WHAT YOU NEED TO DO: Copy the records below exactly, starting at the line that contains "Parigi, Francia. Il" and ending at the line that contains "Шлем Нико Росберга"; leave out any pictures.

TASK DATA:
-=-=-
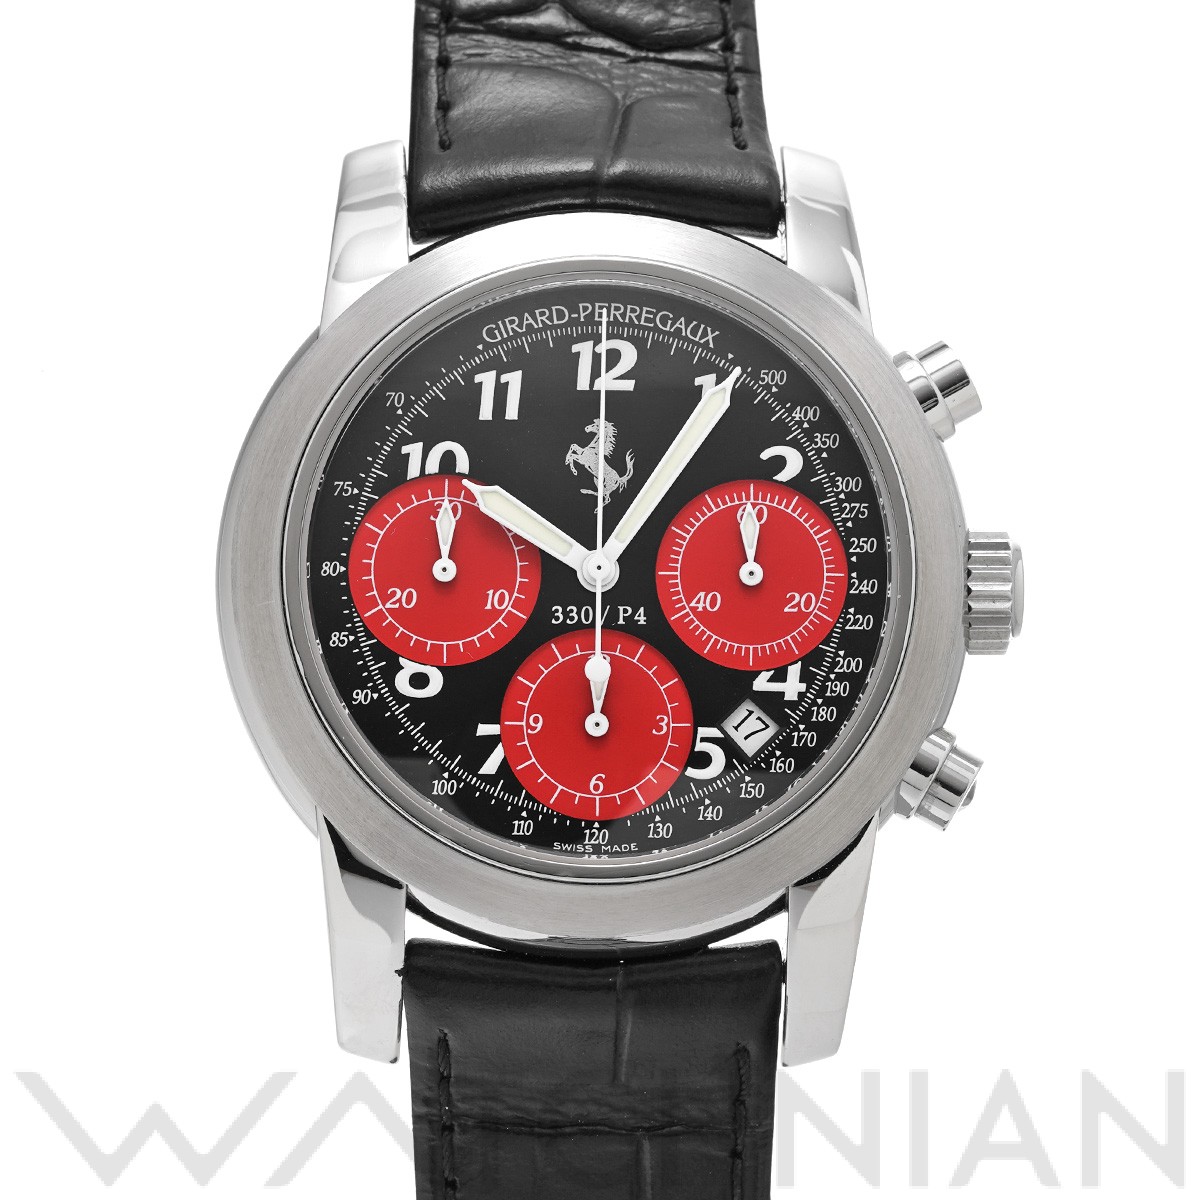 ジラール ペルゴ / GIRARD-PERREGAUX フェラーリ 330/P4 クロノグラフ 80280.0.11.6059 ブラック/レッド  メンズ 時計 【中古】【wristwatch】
-=-=-
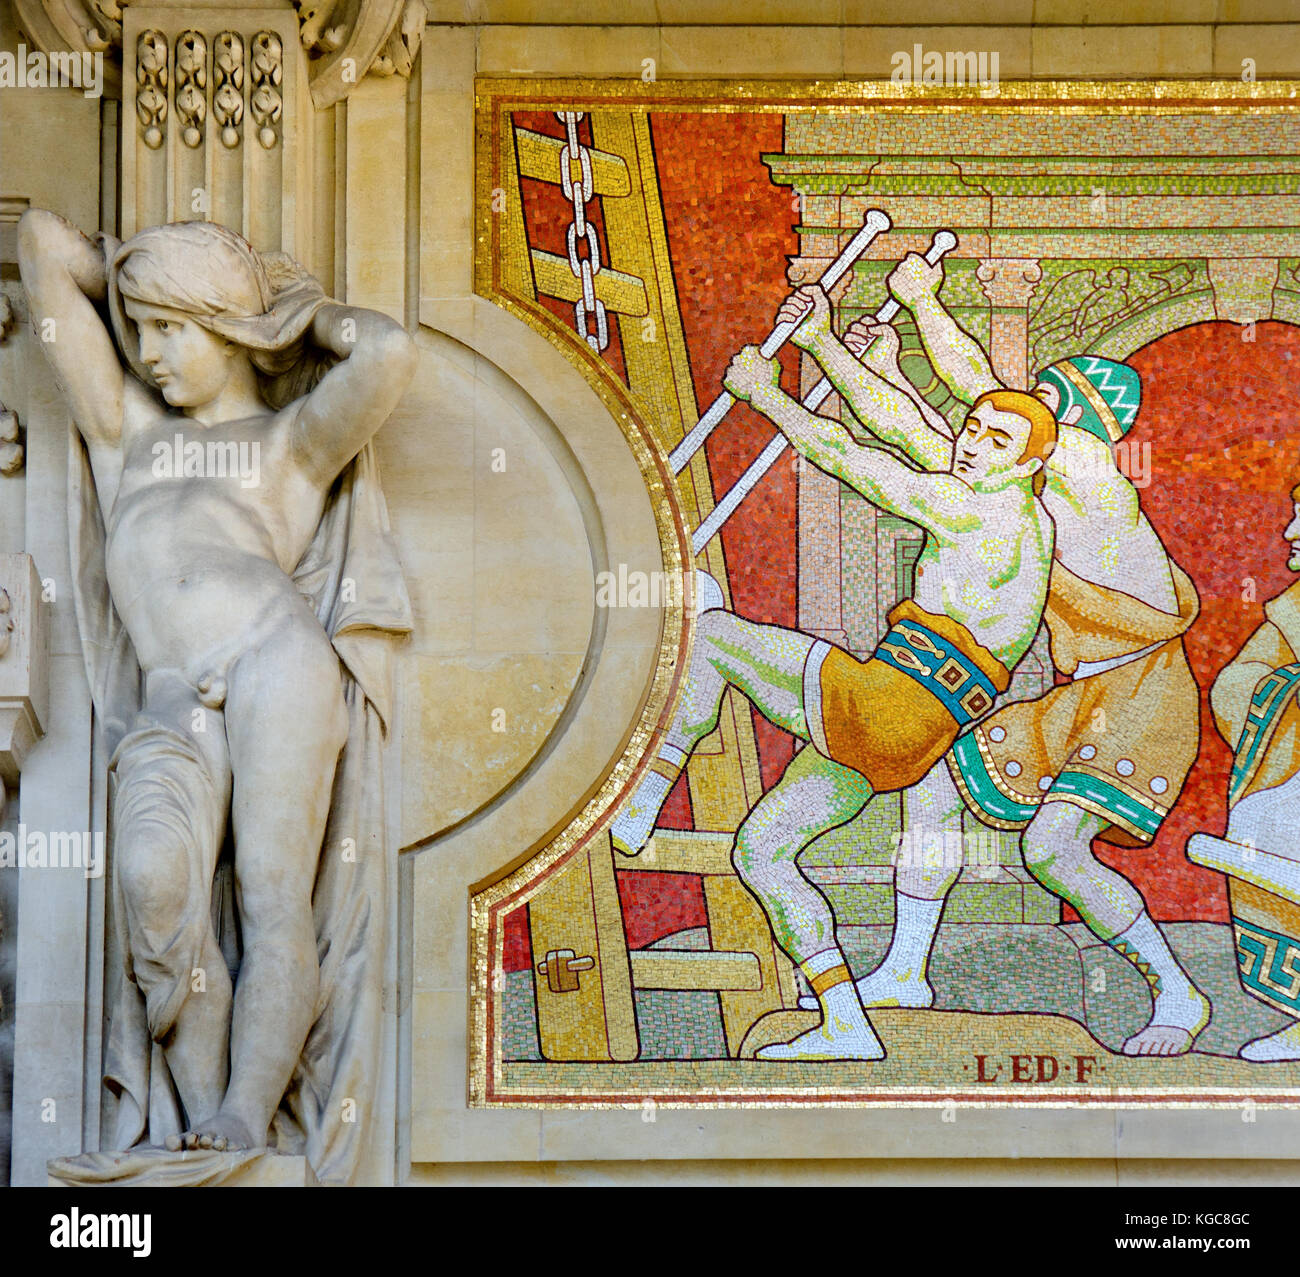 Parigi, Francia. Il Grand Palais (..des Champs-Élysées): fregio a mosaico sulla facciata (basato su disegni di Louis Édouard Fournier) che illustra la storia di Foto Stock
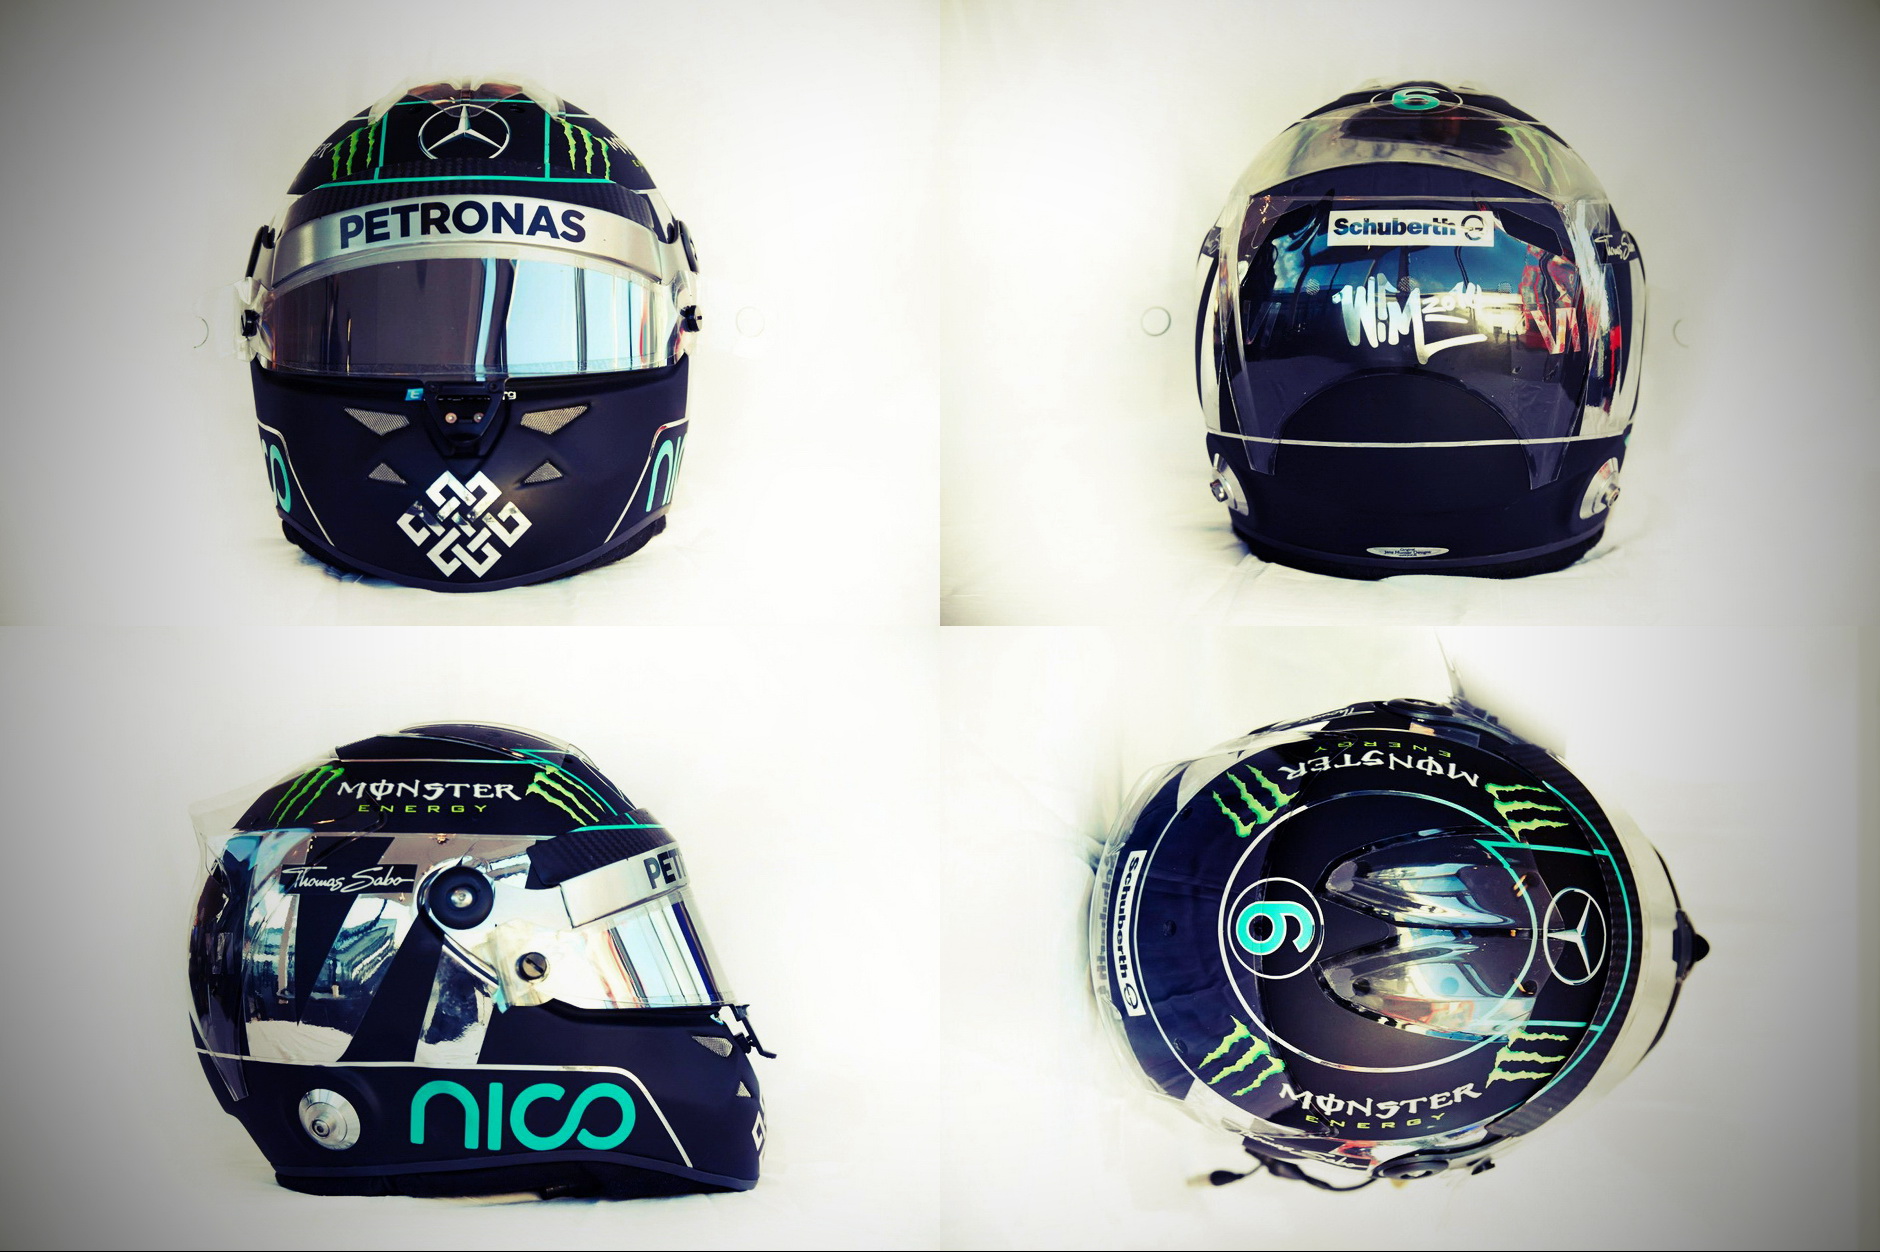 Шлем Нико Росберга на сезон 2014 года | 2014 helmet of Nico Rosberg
-=-=-
RESPONSE TO THIS TASK:
 Parigi, Francia. Il Grand Palais (..des Champs-Élysées): fregio a mosaico sulla facciata (basato su disegni di Louis Édouard Fournier) che illustra la storia di Foto Stock
 Шлем Нико Росберга на сезон 2014 года | 2014 helmet of Nico Rosberg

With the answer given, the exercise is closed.